Oh, if only we had more crackpot inventions. What about a soup-powered spoon, which is really a battery that charges up on soup-power (a well-known and classical power source), and can then be plugged in to power anything small. It would be the perfect multi-purpose tool to put in your shirt pocket! Or, the Swiss Army melon, a folly of the first order, as it would be utterly purposeless, being devoid of all nutrition and therefore even useless as a food. No, melon-lovers, the anti-melon crusade will not be going away any time soon. Bleuch.
It seems the sweltering is going to coincide with one of the most interesting general elections in my whole life. The very concept of having a meaningful choice between two ideologies is exciting beyond all belief, even if it is somewhat at odds with the whole notion of voting on your local candidates. Sometime in the future, we will have to disassociate the selection of the leadership of the country from the election of the local representative. Somehow. It seems like the most logical thing in the world, but tradition always has an advantage over reason. Tradition is the guiding rule behind breakfast, and breakfast rules often win out...

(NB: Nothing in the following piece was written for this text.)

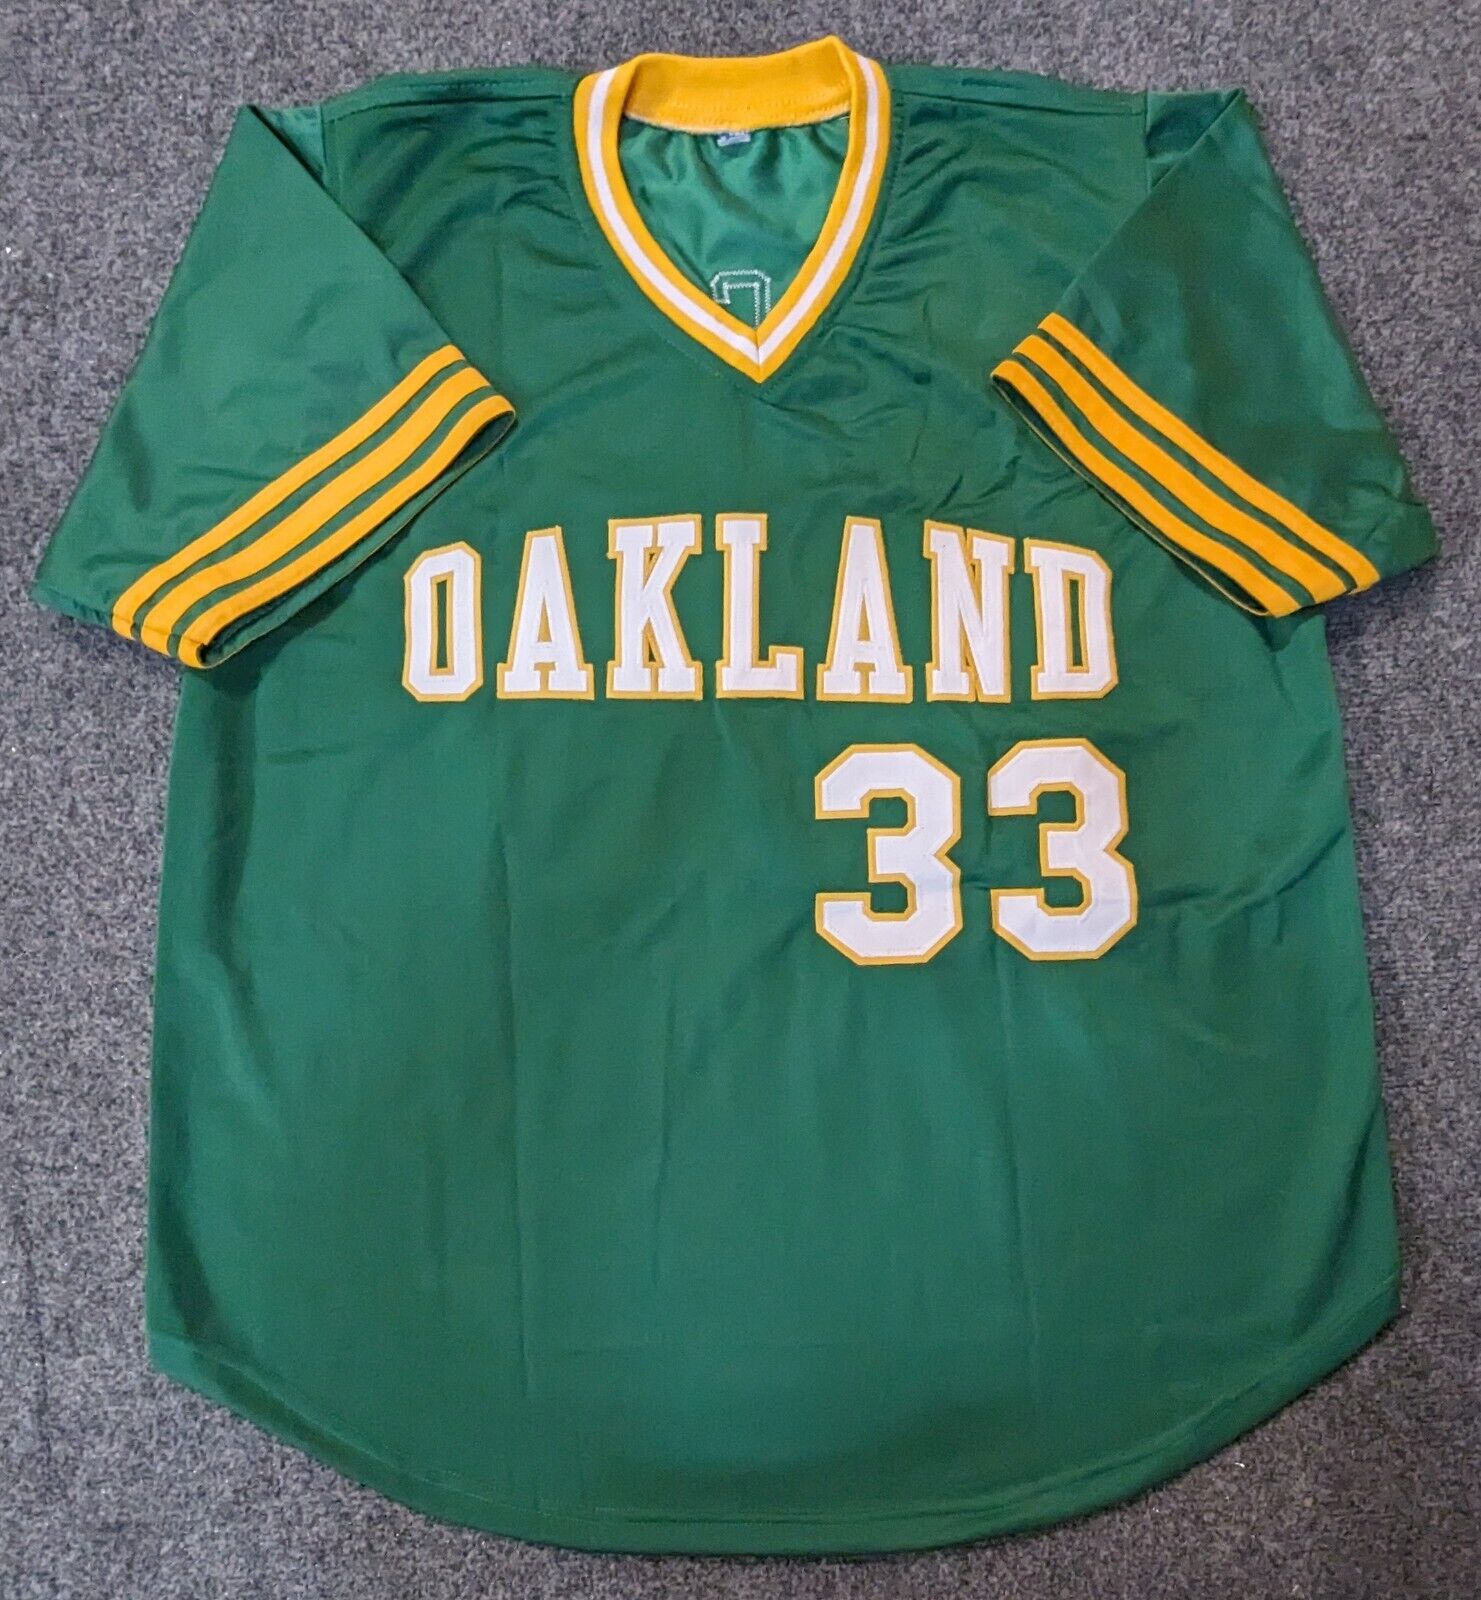 Oakland Athletics Jose Canseco Signed Jersey with

Yes, let's associate all constitutional matters to matters of dining. It can be done very easily. Elections themselves are very much like a select buffet, where you don't get to eat all that you want, but instead go to the supplies once and live with what you choose. You just have to be careful that the vegetables are going to last for five years. No, the analogy doesn't work at all! It must be the heat wave talking.
O.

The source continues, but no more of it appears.